EXERCISE INPUTS ->
_____

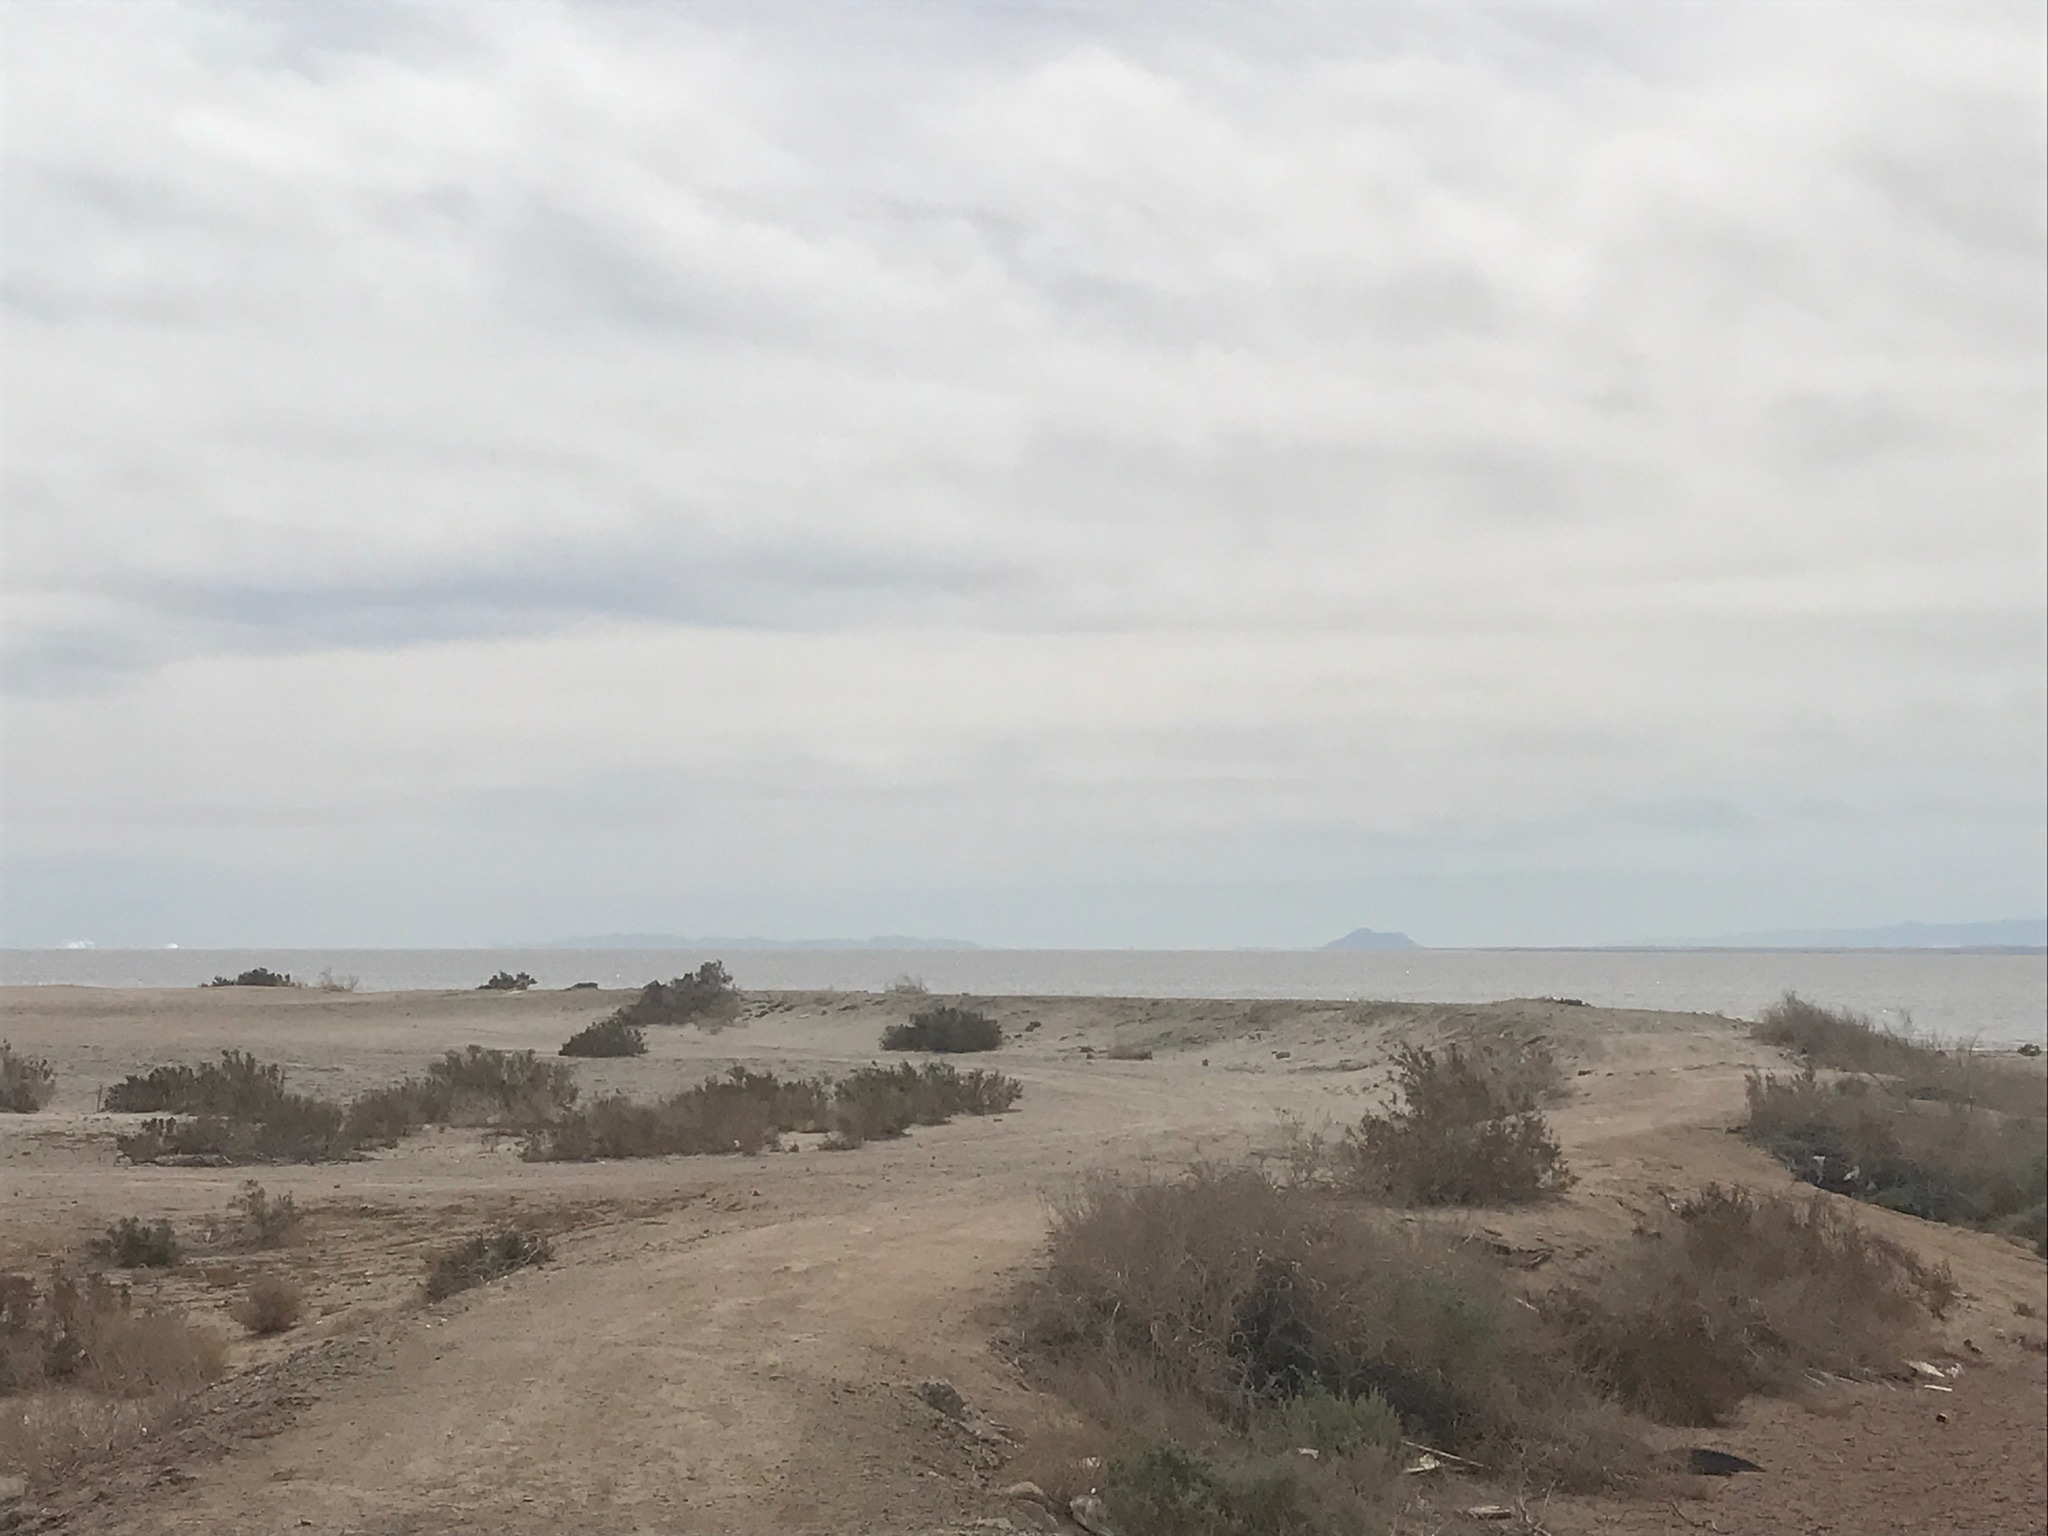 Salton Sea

_____

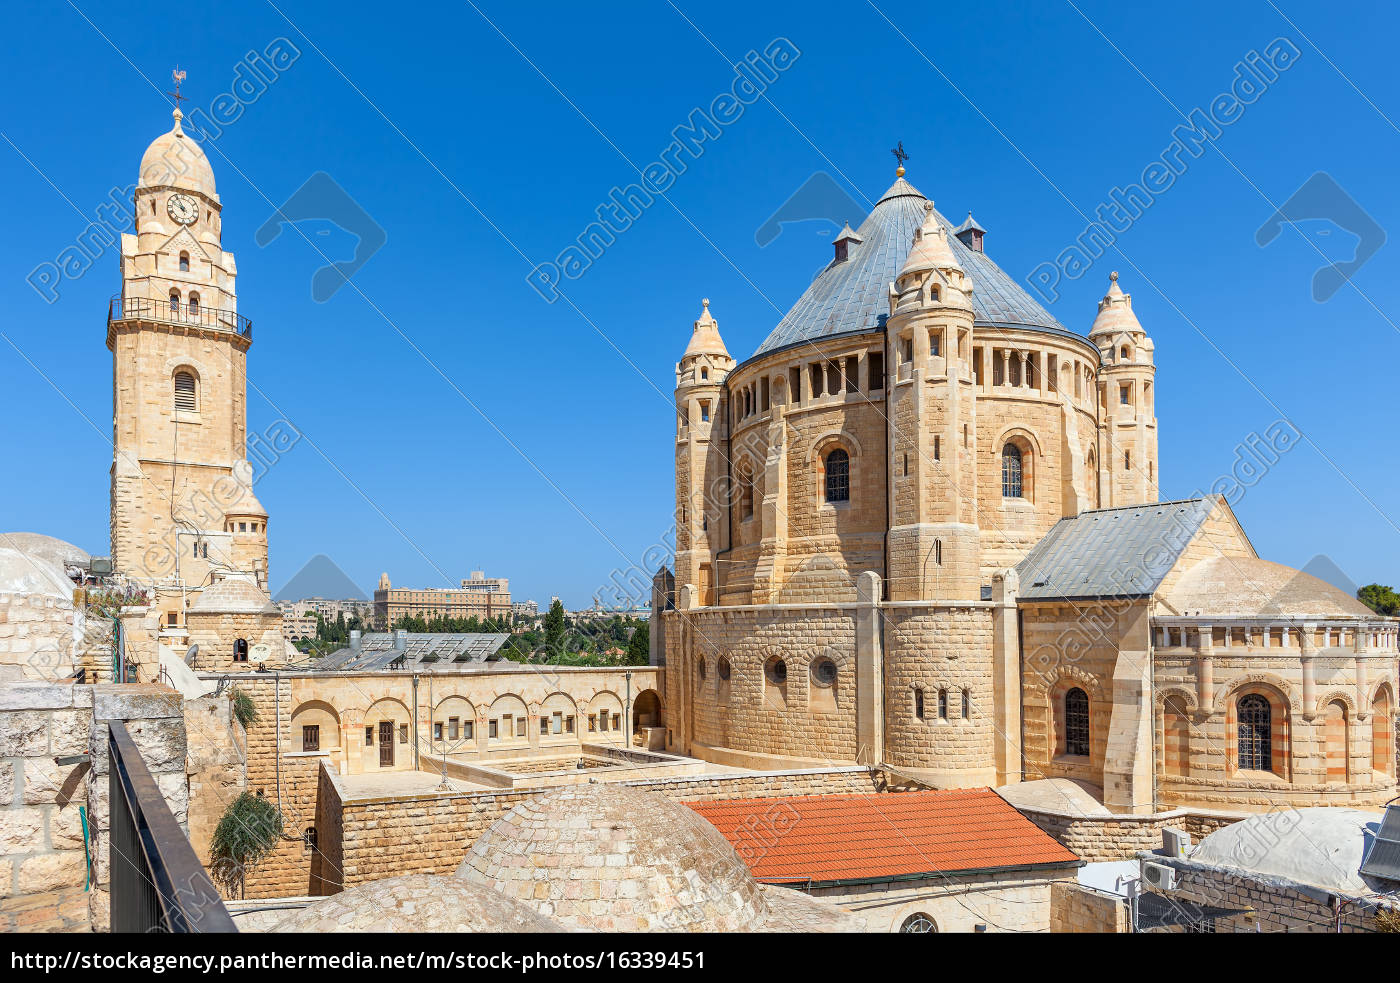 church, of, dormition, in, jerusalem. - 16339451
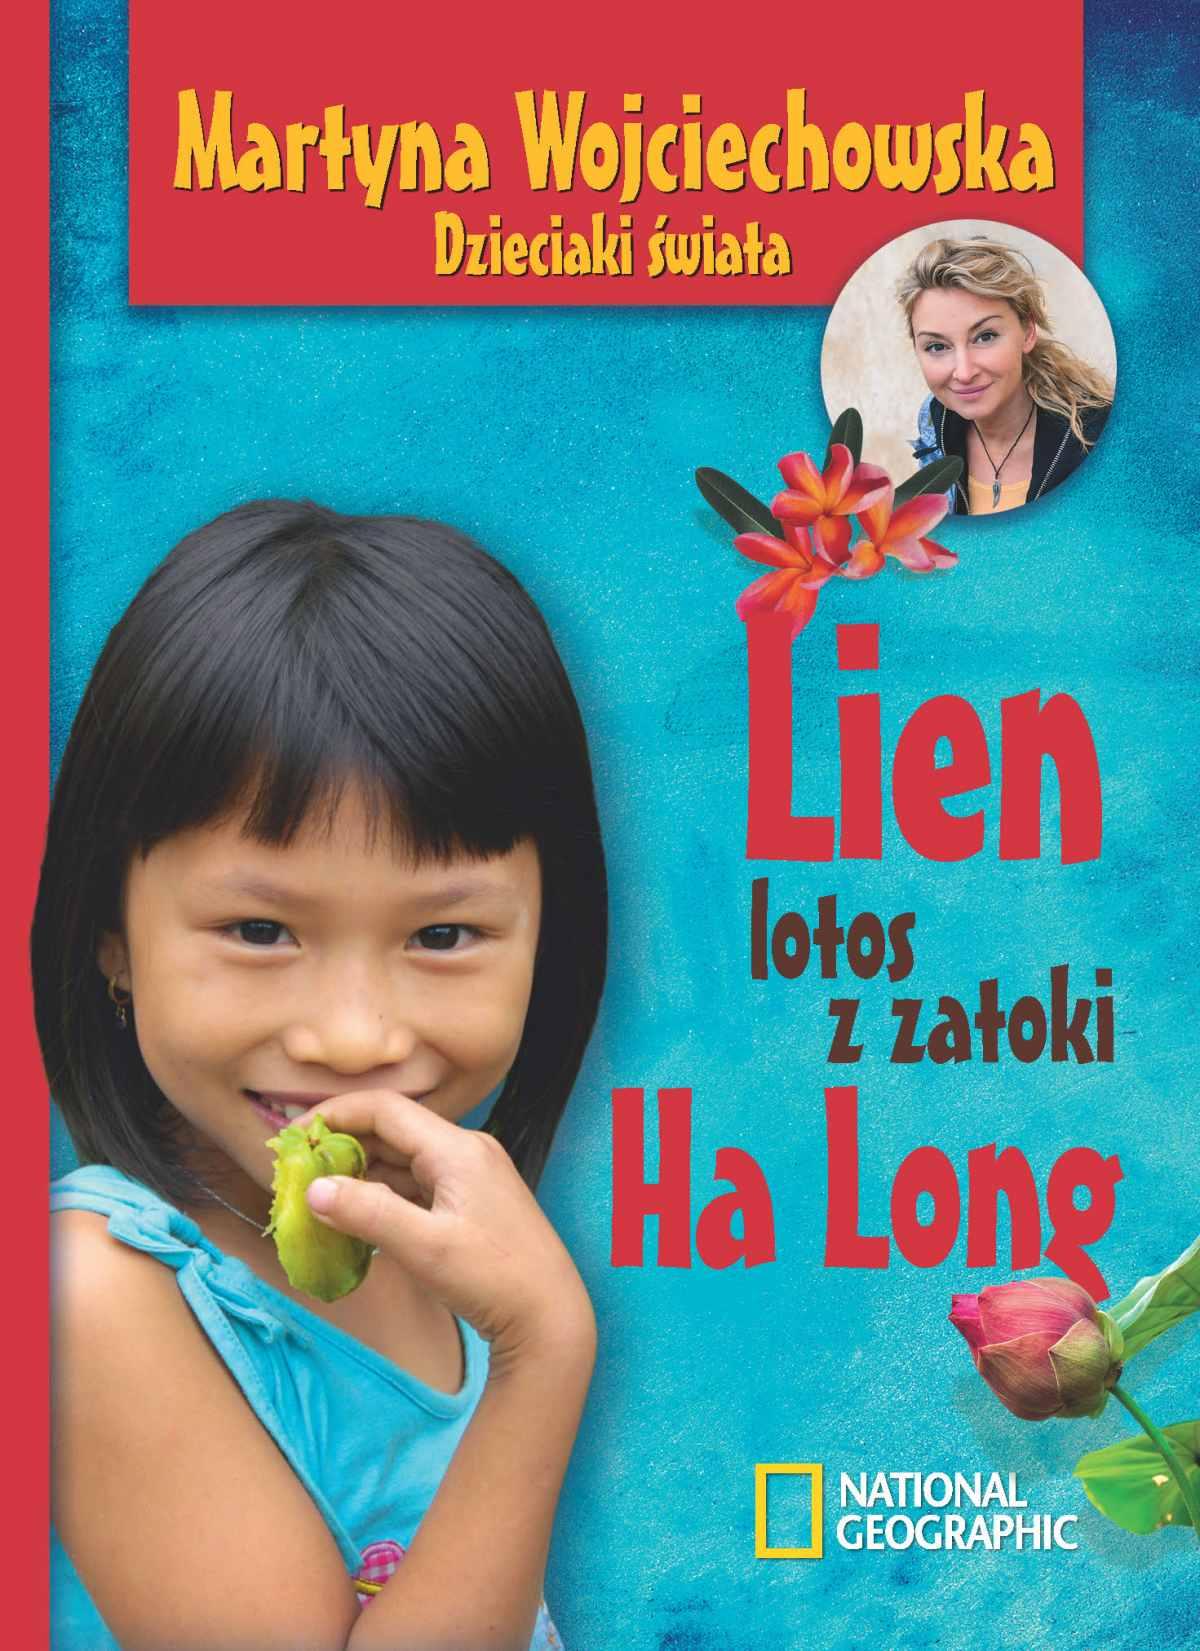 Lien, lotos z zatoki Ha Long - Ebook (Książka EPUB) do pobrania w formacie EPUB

_____

TASK INSTRUCTIONS -> Write back word for word every line in the entries above from the one with "church, of, dormition, in, jerusalem." to the one with "Lien, lotos z", ends included, and none of the pictures.

COMPLETED TASK ->
 church, of, dormition, in, jerusalem. - 16339451
 Lien, lotos z zatoki Ha Long - Ebook (Książka EPUB) do pobrania w formacie EPUB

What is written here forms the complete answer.